Monday, January 18, 2010

In the past I have dealt with violence in the Old Testament and the problem it poses for reading the Bible as God's word. How can we love and trust a God that would command genocide? How can be believe a book that claims he does? Does not the Old Testament present a sub-Christian and appalling vision of morality characterized by an ethic of violent domination and hatred of enemies?

Anyone who does not ask these questions has never really read the Old Testament. One Christian bishop who asked these kinds of questions early in the history of the church was Marcion. Marcion found that the God of the OT seemed immoral and brutal and had nothing to do with the the God revealed in Jesus Christ. Marcion has since gotten a bad rap, being often dismissed as a heretic, but he has a point. Unlike many people today who simply dismiss him, the church father Origen, who disagrees with Marcion' proposal of ditching the OT, nevertheless recognizes the validity of his point. Origen complins that both "heretics" like Marion as well as more "simple minded" Christians hold a view of God based on the OT which
"would not be entertained regarding the most unjust and cruel of men" (De Principiis 4.5). If we look today, find the same is true: both fundamentalists as well as atheists read the OT and see in it a monstrous picture of God.

So what is the alternative? How did Origen read the OT? More importantly, how did Jesus read the OT in which he saw his loving Abba Father who he says "loves his enemies" (Mt 5:34-48)? I'd like to propose a way for us to read the OT. It's very simple actually - we simply need to read the OT in the light of Jesus. Let me give an example of what that might look like:

Jesus applies the story of Passover to his own death, and from this we can gain a lot of insight into how he understood the cross. But the same time the cross is very different from the Exodus. The Exodus is about God's people being liberated out of bondage, but it comes about through violence and force, and is waged not against evil itself, but other human beings. So the way Jesus understands the Exodus means its reversal at the same time as it means its fulfillment. The same can be said for pretty much every story in the OT. Take David and Goliath where we have your basic "little guy overcomes the big bad bully" story. In the end it still promotes overcoming enemies through violent force though. Reading this in the light of the NT we might ask how the little guy David might have applied love of enemies and Paul's principle of "overcoming evil with good."

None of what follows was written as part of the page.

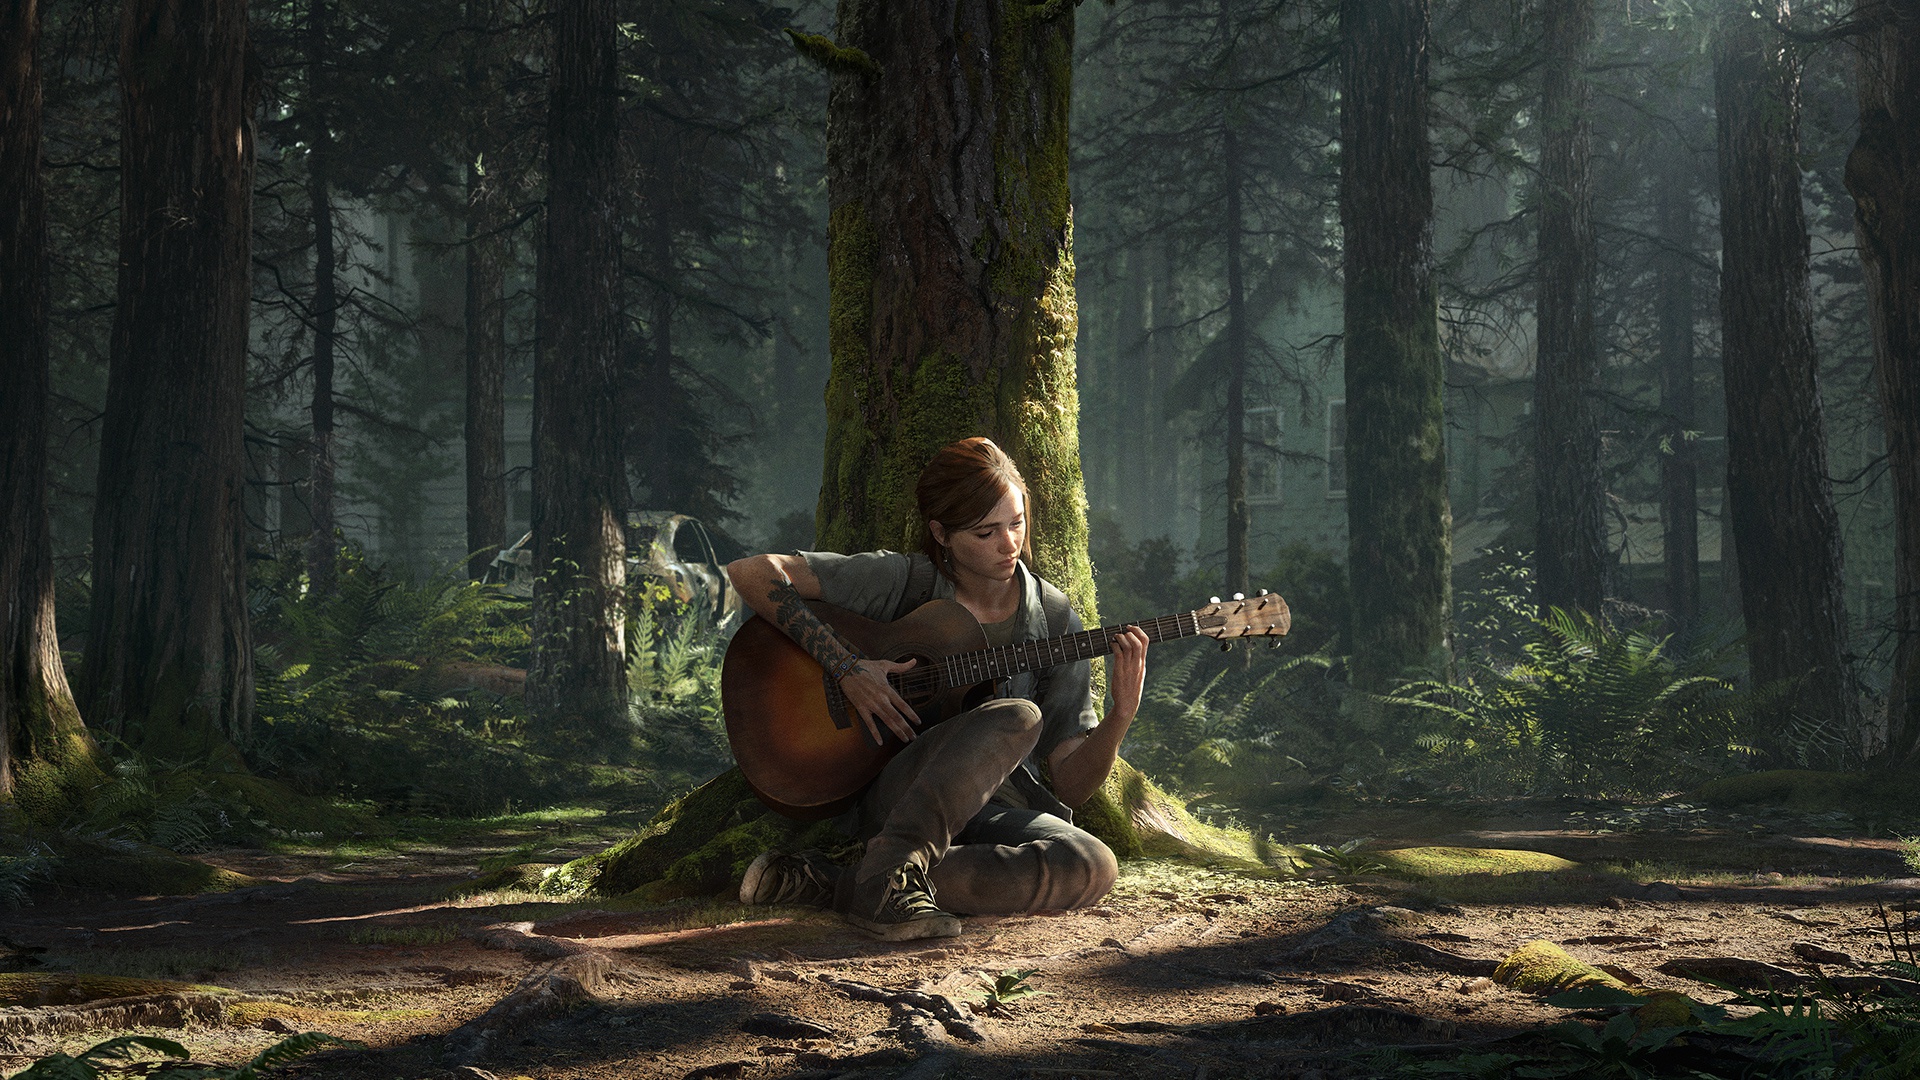 Unduh tema dan wallpaper ‘The Last of Us Part II’ untuk PS4 1

In other words, we cannot simply read the OT as Christians and assume that it gives us a true picture of God. In the OT we see at best a "dim Christ," but God's true nature is only fully revealed in Christ. To read the OT right, we need to read it through the interpretive lens of the NT, we need to lay every story at the foot of the cross and ask how it is transformed, redeemed, and reversed by the cross. This is precisely how we see Jesus reading the OT himself. He says he has come "fulfill the law" but in doing so he reverses it, turning the ethic of genocide and war of "hate your enemies" into "love your enemies". While in the OT we see the prophet Elijah call down fire from heaven to consume his enemies (2 Ki 1:10), Jesus rejects this outright. When his disciples ask him "Lord, do you want us to call fire down from heaven to destroy them, as Elijah did?" (Lk 9:54) Jesus rebukes them "You do not know what kind of spirit you are of; for the Son of Man did not come to destroy men's lives, but to save them." (Lk 9:55-56 NASB). Let me underline what Jesus says here: what kind of spirit you are of. There are really only two options here. Either we read the OT with the spirit of Christ, or we read it with another spirit, and as a result see in the OT a God of violence and hate.

This is admittedly a radical way to read the OT, but I submit to you that this is exactly how Jesus read his Bible. It is also how Paul and the other Apostles read it, and how Origen and the early church read it. So it is a deeply orthodox New Testament way to read our Bibles faithfully. It is also a life-giving way of reading Scripture that does not turn a blind eye to the abuse of power and violence propegated in the name of religion, but exposes it and redeems it in Jesus name. I think it is time that we recovered this way of reading.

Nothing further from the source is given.